But since the whole sequence \(\{\delta _k\}\) is convergent, this implies that the entire sequence \(\{ \delta _k \} \downarrow 0\), thus concluding the analysis of Case 1.

Case 2: The two index sets \(J\) and \(\bar{J}\) are both infinite, where

$$\begin{aligned} J \, \triangleq \, \left\{ \, k \mid \varepsilon _{k-1} \, V_k + \eta _{k-1} > 0 \right\} \end{aligned}$$

and

$$\begin{aligned} \bar{J} \, \triangleq \, \left\{ \, k \in J \mid -{\frac{1}{2}}\, \Vert \, x_k - x_{k-1} \, \Vert ^2 + \displaystyle { \frac{\varepsilon _{k-1}}{\alpha } } \, V_k + \displaystyle { \frac{\eta _{k-1}}{\alpha } } > 0 \right\} . \end{aligned}$$

By (26), if \(k \in \bar{J}\) it might happen that \(\delta _ k > \delta _{k-1}\), while if \(k \not \in \bar{J}\) then necessarily \(\delta _k \le \delta _{k-1}\). Therefore, since \(\bar{J}\) is infinite, to prove that \(\{\delta _k\}\) goes to zero it is enough to show that the subsequence \(\{\delta _k\}_{\bar{J}}\) converges to zero. To this end, first observe that for every \(k\in \bar{J}\) it holds that

$$\begin{aligned} \varepsilon _{k-1} V_k + \eta _{k-1} > \frac{\alpha }{2} \Vert x_k - x_{k-1} \Vert ^2. \end{aligned}$$
(31)

The sequence \(\{x_k\}_{\bar{J}}\) is bounded. In fact, if \(\eta _k=0\) eventually (exact solution of the subproblems), then \(x_k\) belongs to \(L\) which is bounded by assumption. Otherwise, we have \(\mathop {\text{ dist}}(x_{k+1},K) \le \Vert x_{k+1} - \bar{x}_{k+1} \Vert \le e_k\), from which the boundedness of \(\{ x_k \}\) follows from that of \(K\). By continuity, also \(\{ V_k\}_{\bar{J}}\) is bounded. Hence, (31) yields

$$\begin{aligned} {\mathop {\mathop {\lim }\limits _{k\in \bar{J}}}\limits _{k\rightarrow \infty }} \, \Vert x_k - x_{k-1}\Vert \,=\, 0. \end{aligned}$$
(32)

Since \(\{x_k\}_{\bar{J}}\) is bounded, it has limit points. Let \(\tilde{J} \subseteq \bar{J}\) be a subsequence such that

$$\begin{aligned} {\mathop {\mathop {\lim }\limits _{k\in \tilde{J}}}\limits _{k\rightarrow \infty }} x_k \,=\, \widetilde{x}. \end{aligned}$$

Reasoning exactly as in Case 1, [(the only difference is that instead of (27) we use (32)], we may deduce that \(\widetilde{x} \in \mathop {\text{ SOL}}(K,F)\). By continuity, recalling that \(\tilde{J} \subseteq \bar{J} \subseteq J\) and Condition (C2), which implies \(\{ \eta _k/\varepsilon _k\} \rightarrow 0\), we get \(h(P_{S_\varPhi ^h}(\widetilde{x})) - h(\widetilde{x}) + \varPhi (\widetilde{x})^T( P_{S_\varPhi ^h}(\widetilde{x}) -\widetilde{x}) \ge 0\). Thus \(\widetilde{x} \in S_\varPhi ^h\); hence \({\mathop {\mathop {\lim }\nolimits _{k\in \tilde{J}}}\nolimits _{k\rightarrow \infty }} \delta _k=0\). Since this reasoning can be repeated for every convergent subsequence of \(\{x_k\}_{\bar{J}}\), we may conclude that \({\mathop {\mathop {\lim }\nolimits _{k\in \bar{J}}}\nolimits _{k\rightarrow \infty }} \, \delta _k =0\), thus concluding the analysis of this case.

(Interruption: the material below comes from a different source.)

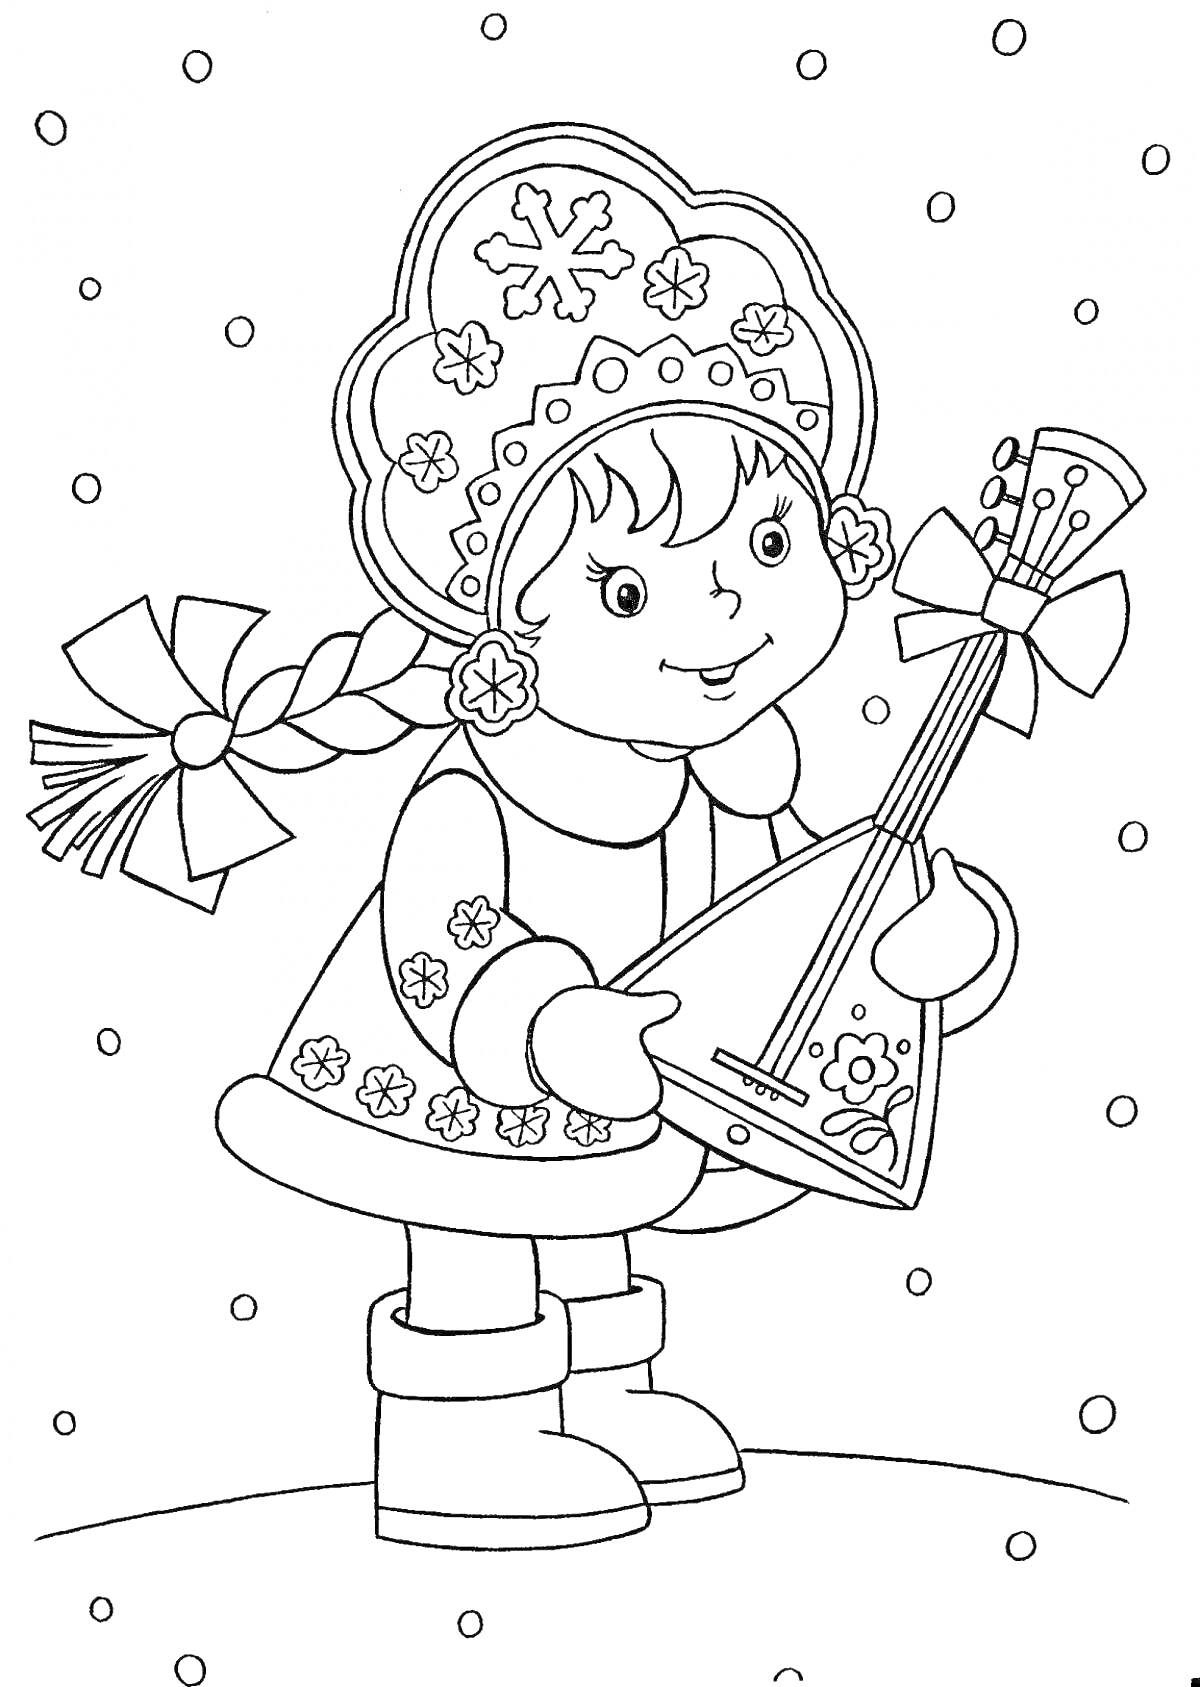 Раскраска Девочка в зимней одежде со снегом и балалайкой

Case 3: The index set \(J\) is infinite while \(\bar{J}\) is finite.

In this case the sequence \(\{\delta _k\}\) is non-increasing eventually. Therefore \(\{\delta _k\}\) converges, implying that \(\{x_k\}\) is bounded. Because \(\{\delta _k\}\) converges we also have that \(\{ \delta _{k+1}- \delta _k\}\) converges to zero. Therefore, by (26), the boundedness of \(\{x_k\}\) and taking into account that both \(\{\varepsilon _k\}\) and \(\{\eta _k\}\) converge to zero, we get that (27) holds. Since \(J\) is infinite and \(\{x_k\}\) is bounded we can now consider a convergent subsequence \(\{x_k\}_{\tilde{J}} \rightarrow \,\widetilde{x}\,\), with \(\tilde{J} \subseteq J\). Reasoning as in Case 2 we can prove that \(\widetilde{x} \in S_\varPhi ^h\); hence \({\mathop {\mathop {\lim }\nolimits _{k\in \tilde{J}}}\nolimits _{k\rightarrow \infty }} \delta _k=0\). But since the whole sequence \(\{ \delta _k\}\) converges, this is enough to show that \(\{ \delta _k\}\) converges to zero, thus concluding the proof of the theorem. \(\square \)

Remark 4

It should be clear that all the results in Theorem 2 still hold if we change \(\alpha \) at each iteration, provided that these alpha are bounded away from zero and bounded from above. Furthermore, it is interesting to observe that if we are dealing with VI-C VIs, i.e. if \(h \equiv 0\), it can be checked, going through the proof and taking into account Remark 3, that Theorem 2 still holds with the monotonicity plus assumption on \(\varPhi \) replaced by a weaker pseudo monotonicity plus assumption.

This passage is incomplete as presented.